Más bien deberíamos preguntarnos si las oposiciones en el Congreso han hecho su papel de contrapoder al Ejecutivo. Será más fácil demostrar que han renunciado a ejercer controles y establecer equilibrios, los famosos pesos y contrapesos, que reconocerlos como un freno al Presidente.

Tampoco se han tomado en serio el papel que les toca en los mecanismos constitucionales existentes de rendición de cuentas.

Sólo un año, bajo el mandato de Fox, se dificultó, enormemente, la aprobación del presupuesto, fue entonces cuando pararon el reloj legislativo para poder generar los acuerdos necesarios.

Como respuesta al conato de crisis se reformó la Constitución para que el Congreso pudiese aprobar el presupuesto, a partir de entonces la Cámara de Diputados puede aprobar y modificar el presupuesto que envía el Ejecutivo.

Y en esas modificaciones se han agregado los moches, primero, informalmente, ahora reconocidos en el presupuesto.

Además se les han dado millones de pesos que manejan las fracciones parlamentarias con una buena dosis de opacidad y sin rendir cuentas a nadie.

Los nombramientos de las cabezas de los órganos constitucionales autónomos también han sido moneda de cambio para que los partidos puedan repartir puestos y así intentar controlar la labor de estos organismos.

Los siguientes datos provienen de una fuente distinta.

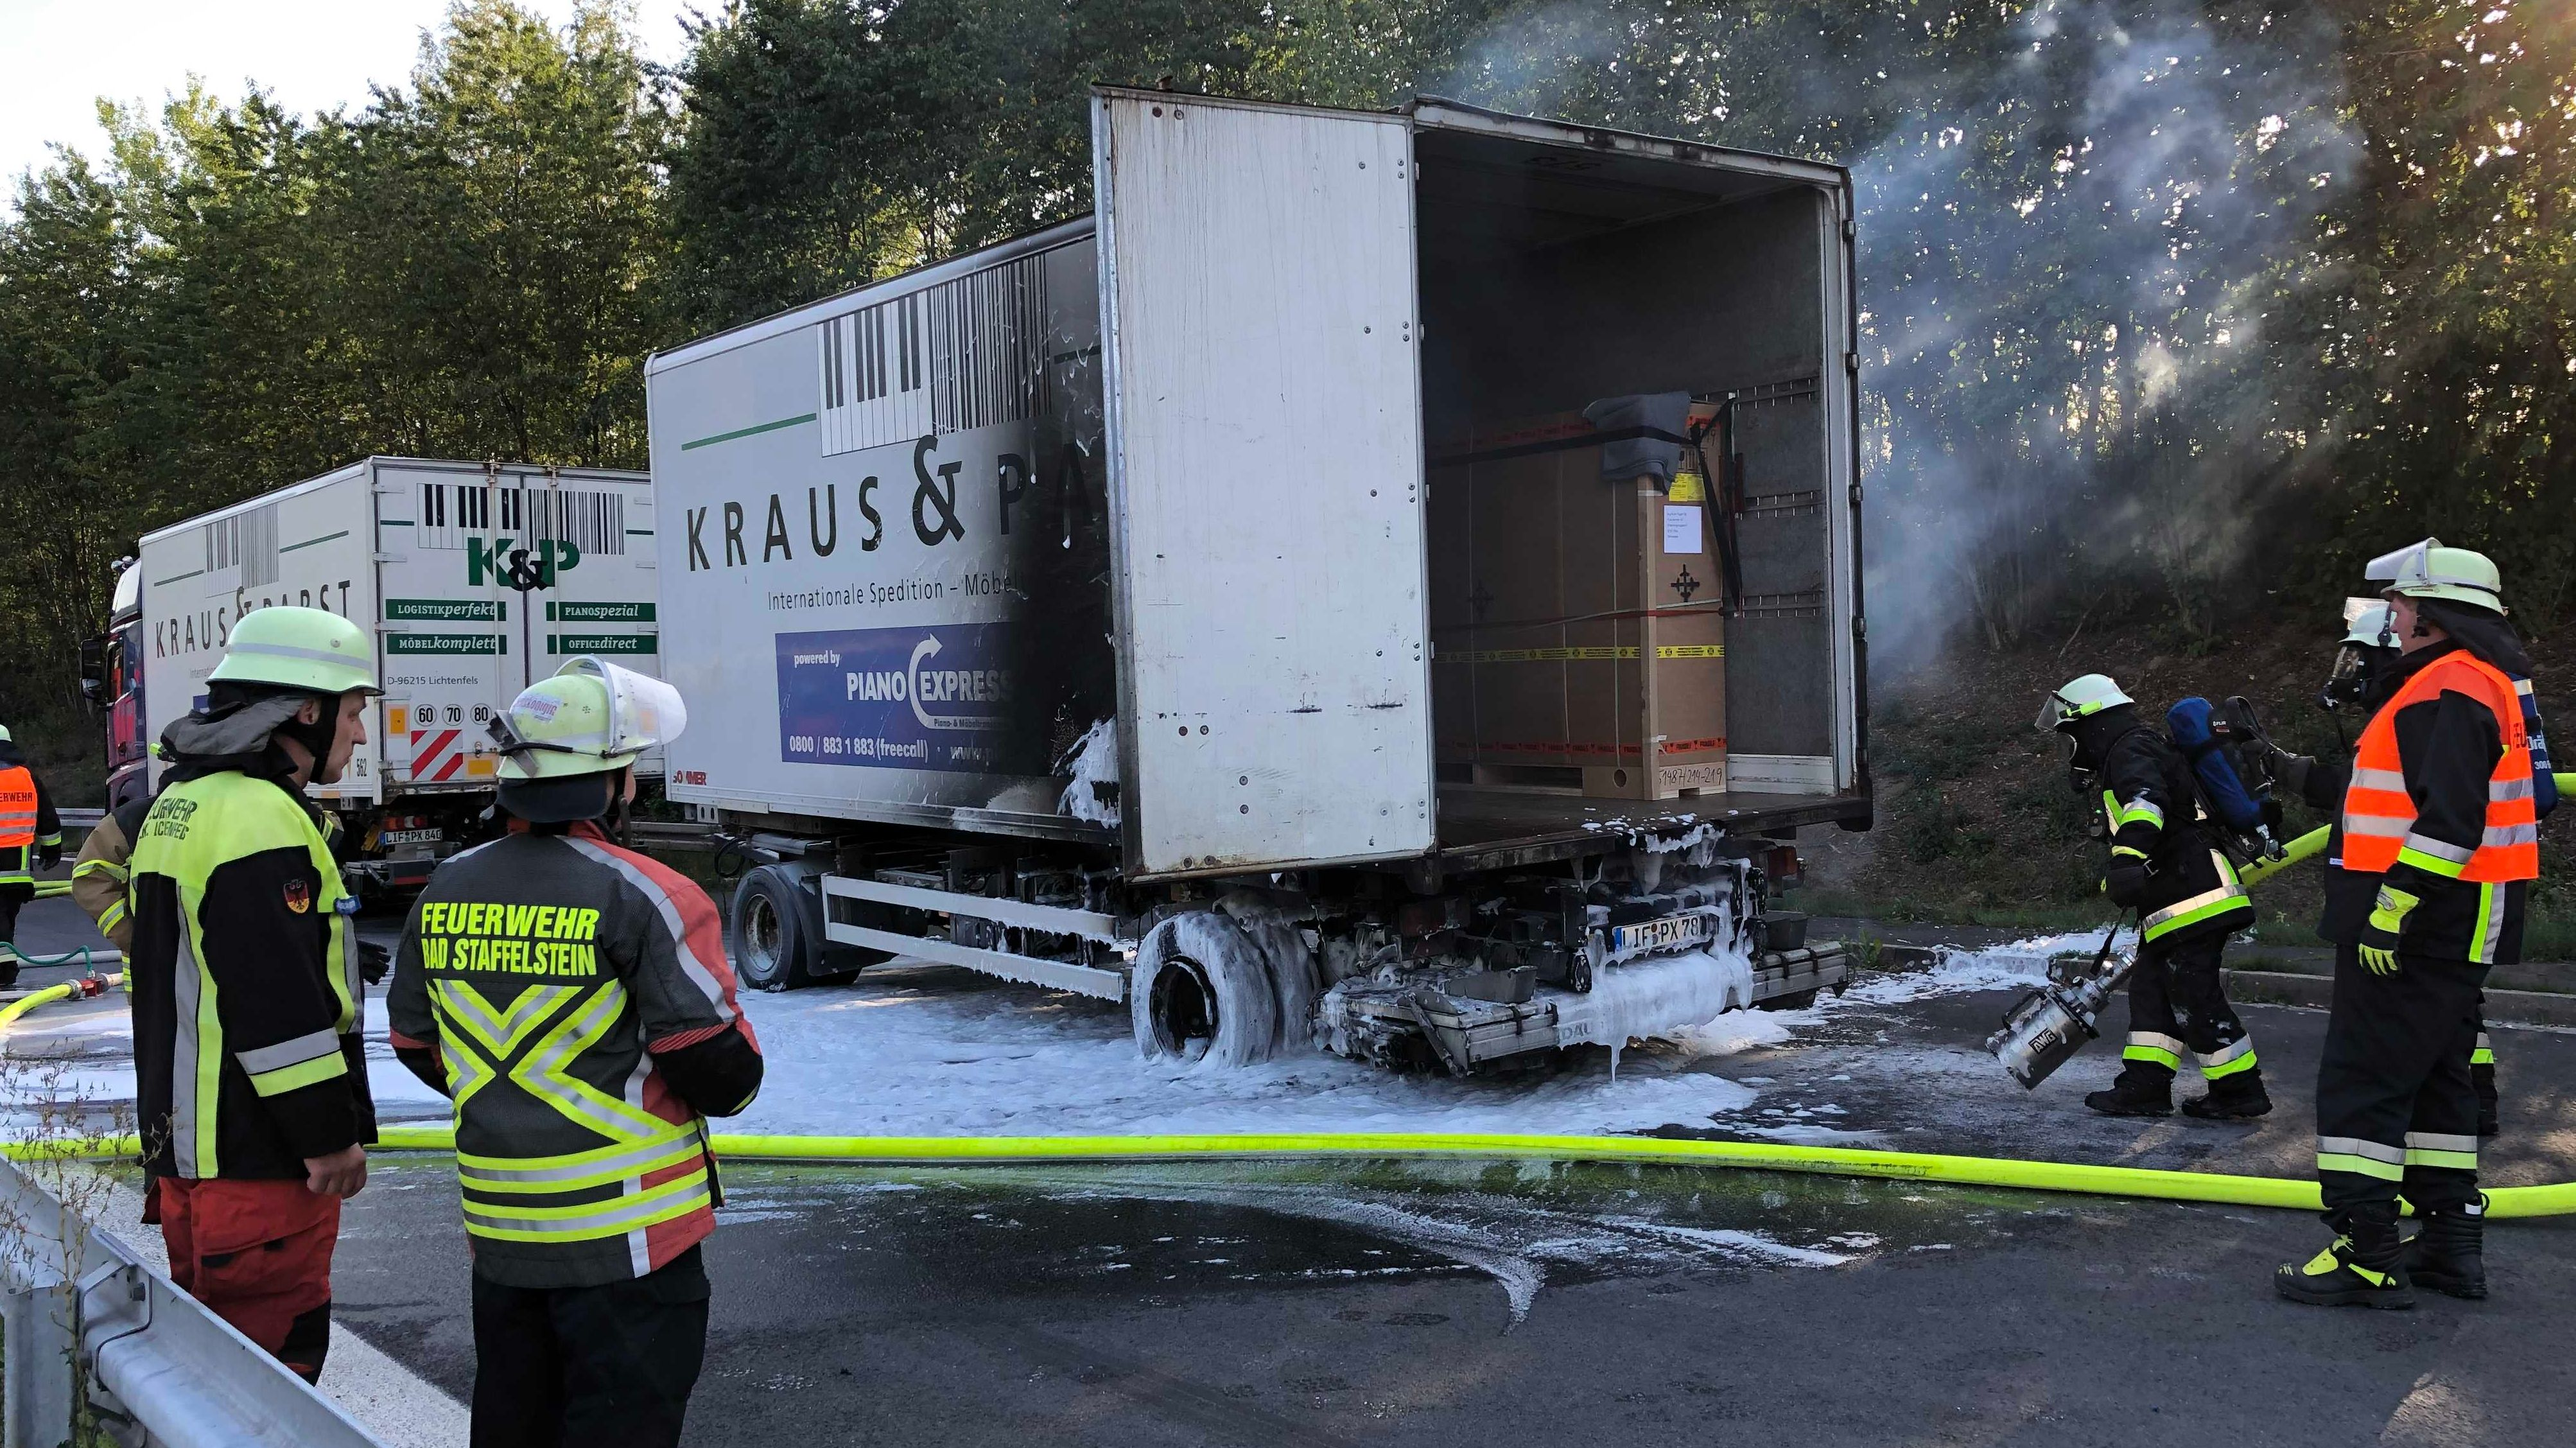 Vier Feuerwehrleute löschen bei Zapfendorf einen Lkw-Anhänger, in dem sich zwei hochwertige Klaviere befanden, die somit unbeschädigt bleiben.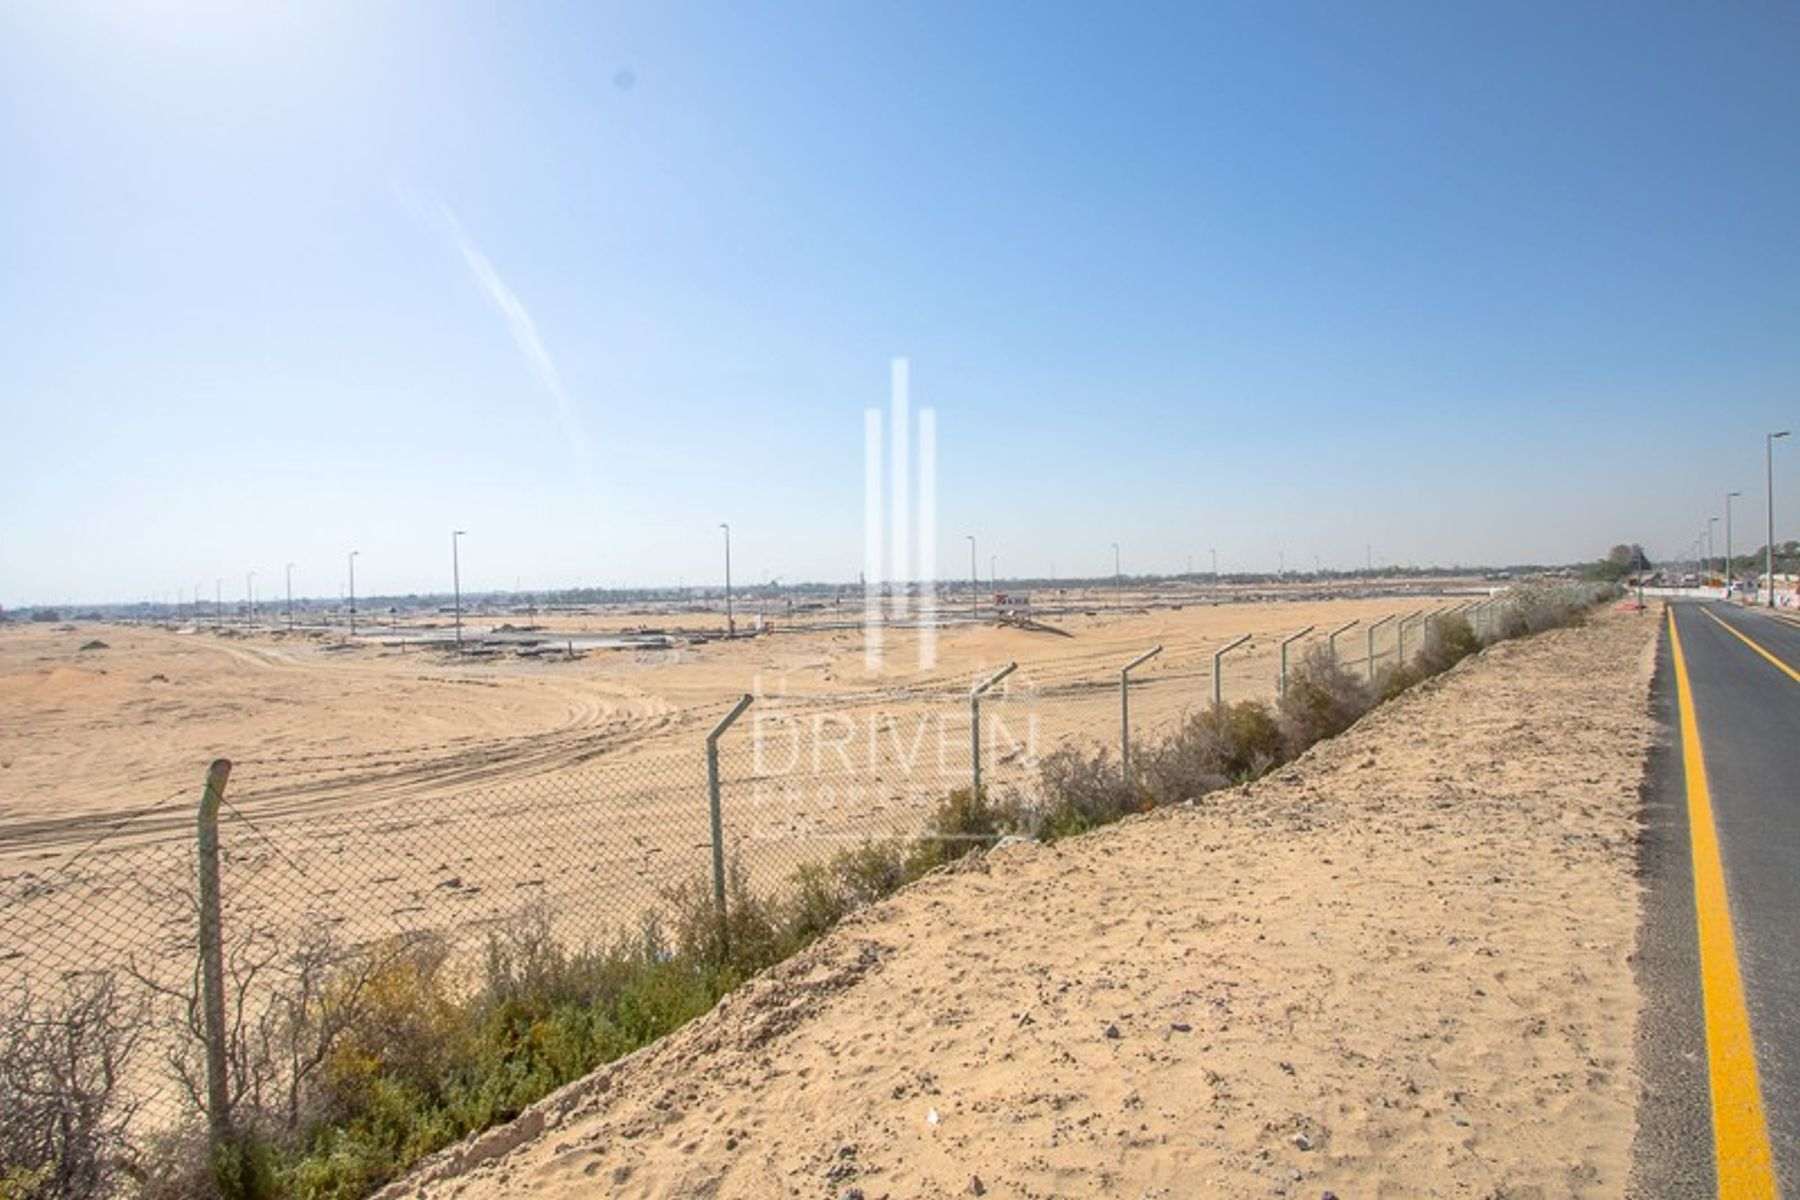 Land Residential for Sale in Al Khawaneej 2 - Al Khawaneej

No son pocas las ocasiones en las que el voto de una u otra fracción se le da a cierta persona a cambio de ofrecer chamba a sus cuates en el órgano, cuya autonomía queda entonces comprometida.

Desde 2005, las sucesivas Comisiones de Vigilancia de la Cámara de Diputados han renunciado a discutir, en sesión del Pleno, la Cuenta Pública que puntualmente entrega el auditor Superior de la Federación. Ahora ni se aprueba, ni se reprueba, simplemente se olvida en la congeladora con el silencio cómplice de todos.

Fue en 2006 cuando por un berrinche del PRD y de López Obrador, el informe presidencial ya sólo se entrega por escrito y al Presidente se le ha negado que asista a San Lázaro a hablar frente a los representantes del pueblo para explicar y justificar lo que ha hecho, o no, su administración.

Calderón y Peña han inventado ceremonias sustitutas que, lejos de disminuir la idea faraónica del “Día del Presidente”, lo han exacerbado.

Las ceremonias en Palacio Nacional suelen ser costosas y el Presidente elige a quiénes invita para asegurarse los aplausos que quieren escuchar. Nadie responde el informe y las comparecencias son más circos mediáticos que otra cosa.

Podríamos decir que así como el proceso de transición a la democracia ha traído importantes reformas al Poder Ejecutivo y al Judicial, urge una reforma al Legislativo, el único problema es que no se ve que los propios legisladores tengan incentivo alguno para convertirlo en un poder que funcione.

Ya no hablamos de las facultades metaconstitucionales del Ejecutivo, sino del cinismo metaconstitucional instalado en el Legislativo.


NOTAS:
1 Se reproduce con autorización de el autor, publicado en Excélsior, el 15 de febrero de 2018.